→ Your objective: The listing is to be returned word for word, without its images.

→ Data extract:
____________________

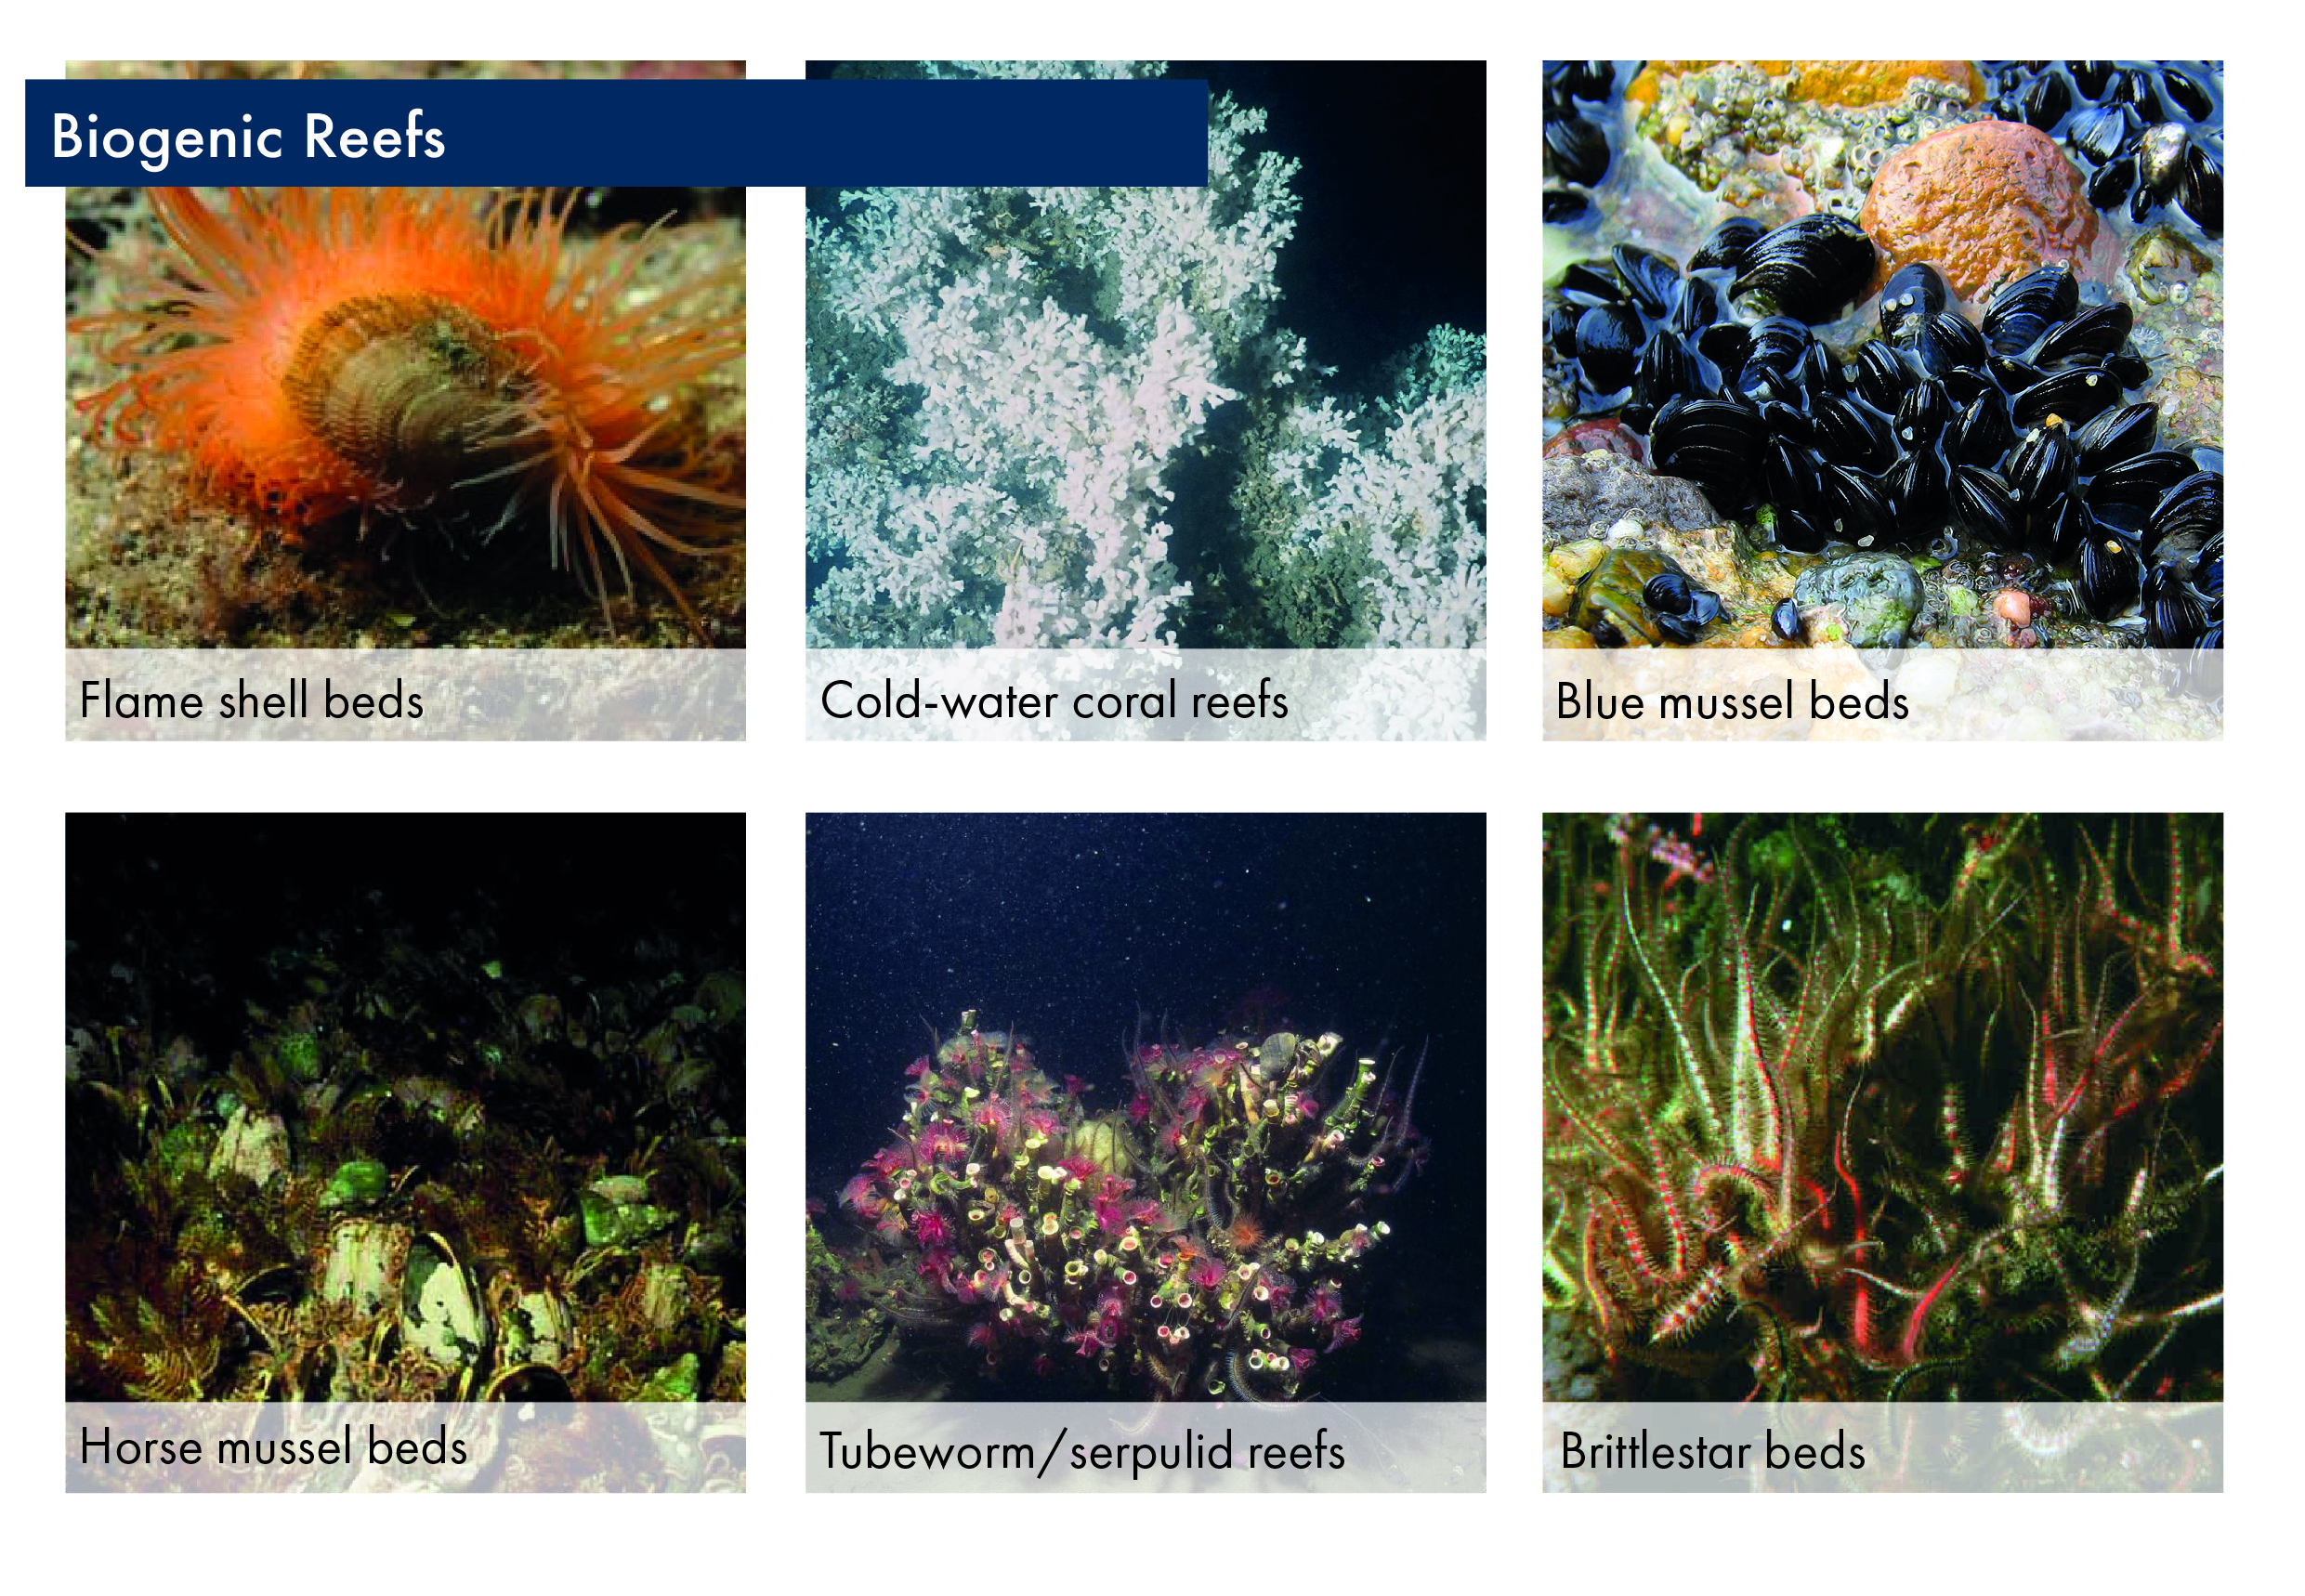 Compiled photographic images of biogenic reef forming habitats in Scotland including, flame shell beds, cold-water corals, horse mussel beds, blue mussel beds, tubeworm/serpulid reefs, brittlestar beds.
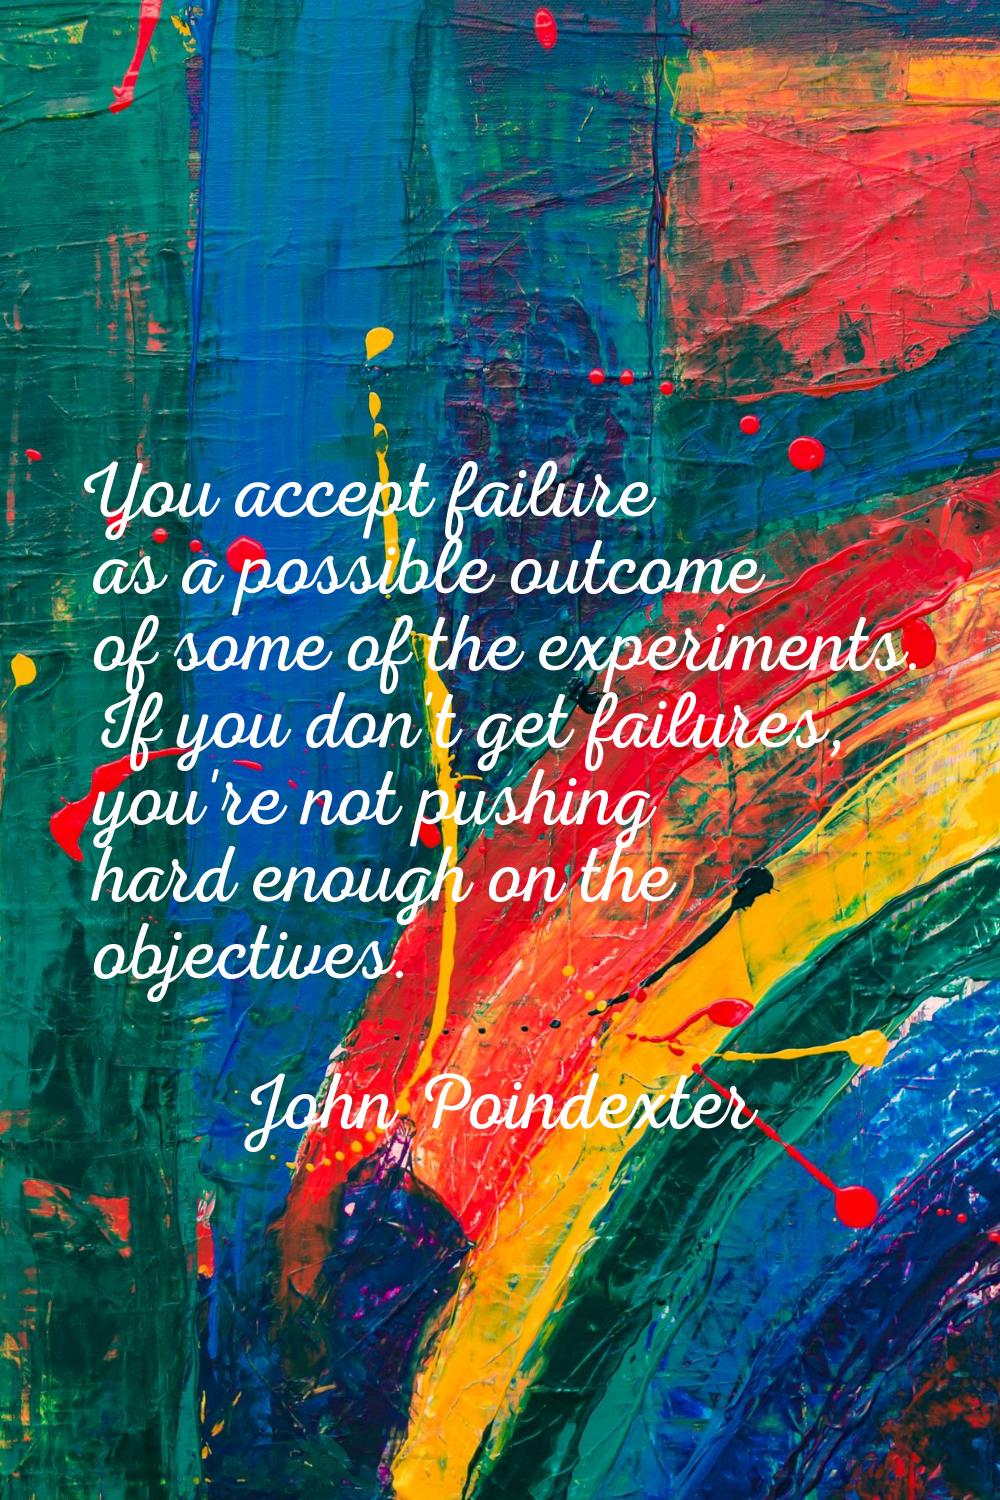 You accept failure as a possible outcome of some of the experiments. If you don't get failures, you
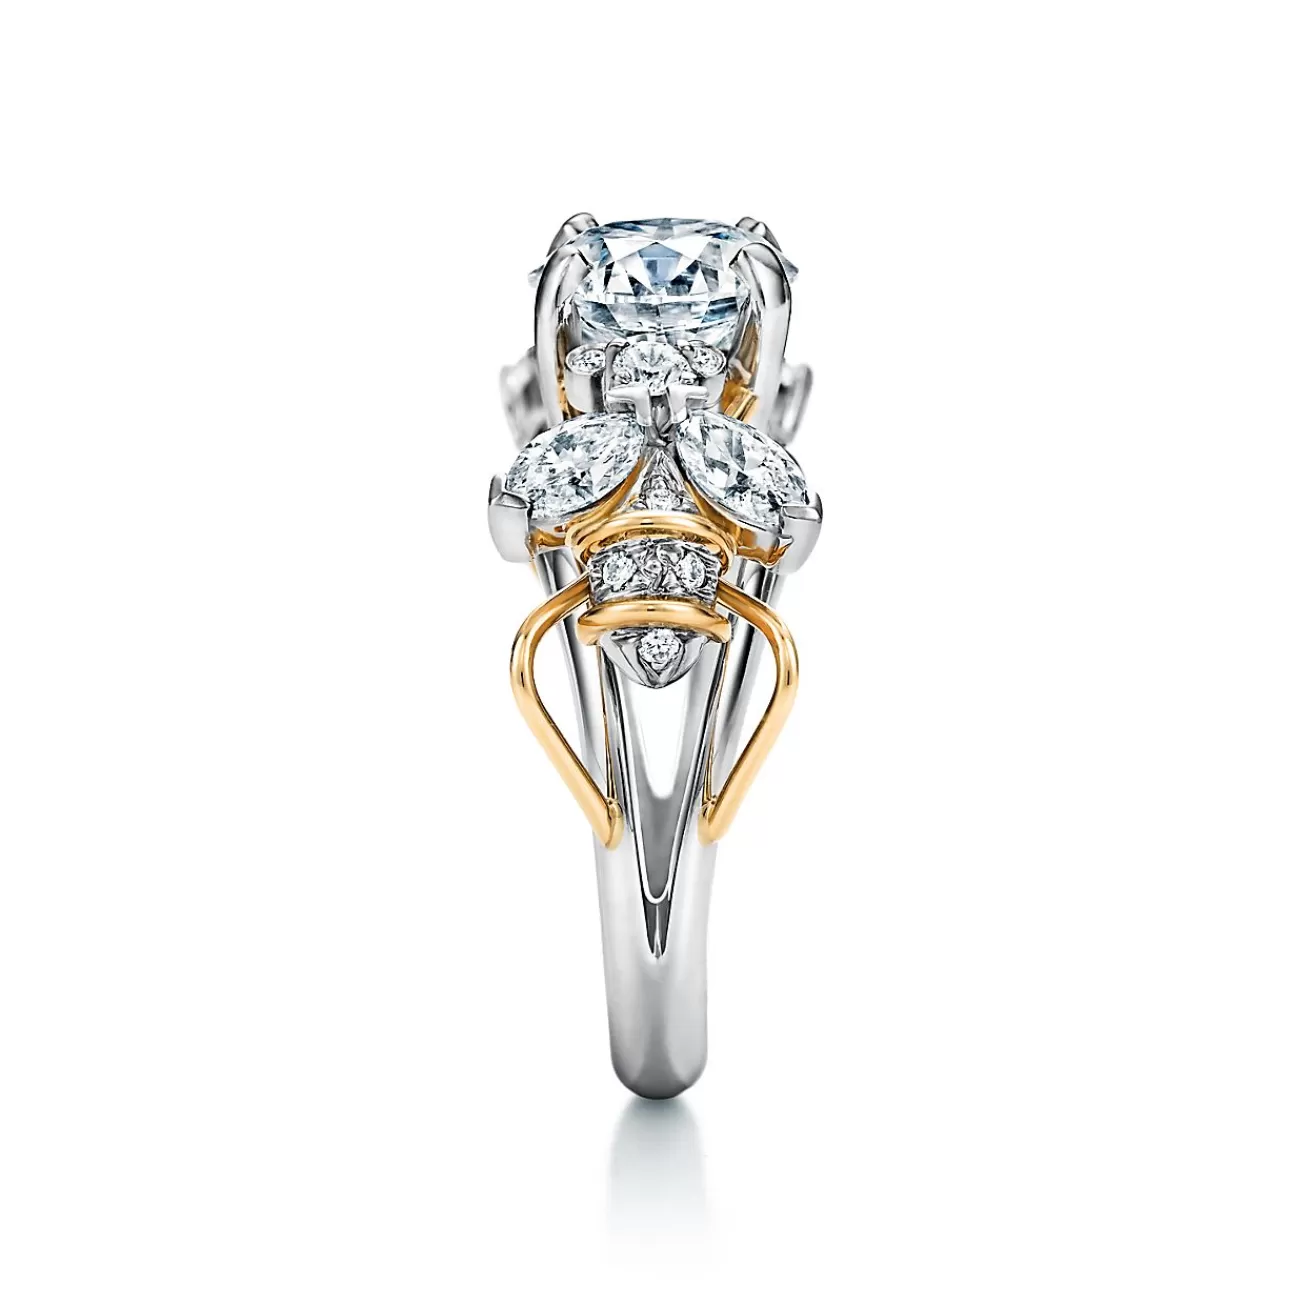 Tiffany & Co. Schlumberger by ™ Two Bees engagement ring in platinum and 18k gold | ^ Jean Schlumberger by Tiffany | Engagement Rings

____________________

→ Task response:
 Compiled photographic images of biogenic reef forming habitats in Scotland including, flame shell beds, cold-water corals, horse mussel beds, blue mussel beds, tubeworm/serpulid reefs, brittlestar beds.
 You accept failure as a possible outcome of some of the experiments. If you don't get failures, you
 Tiffany & Co. Schlumberger by ™ Two Bees engagement ring in platinum and 18k gold | ^ Jean Schlumberger by Tiffany | Engagement Rings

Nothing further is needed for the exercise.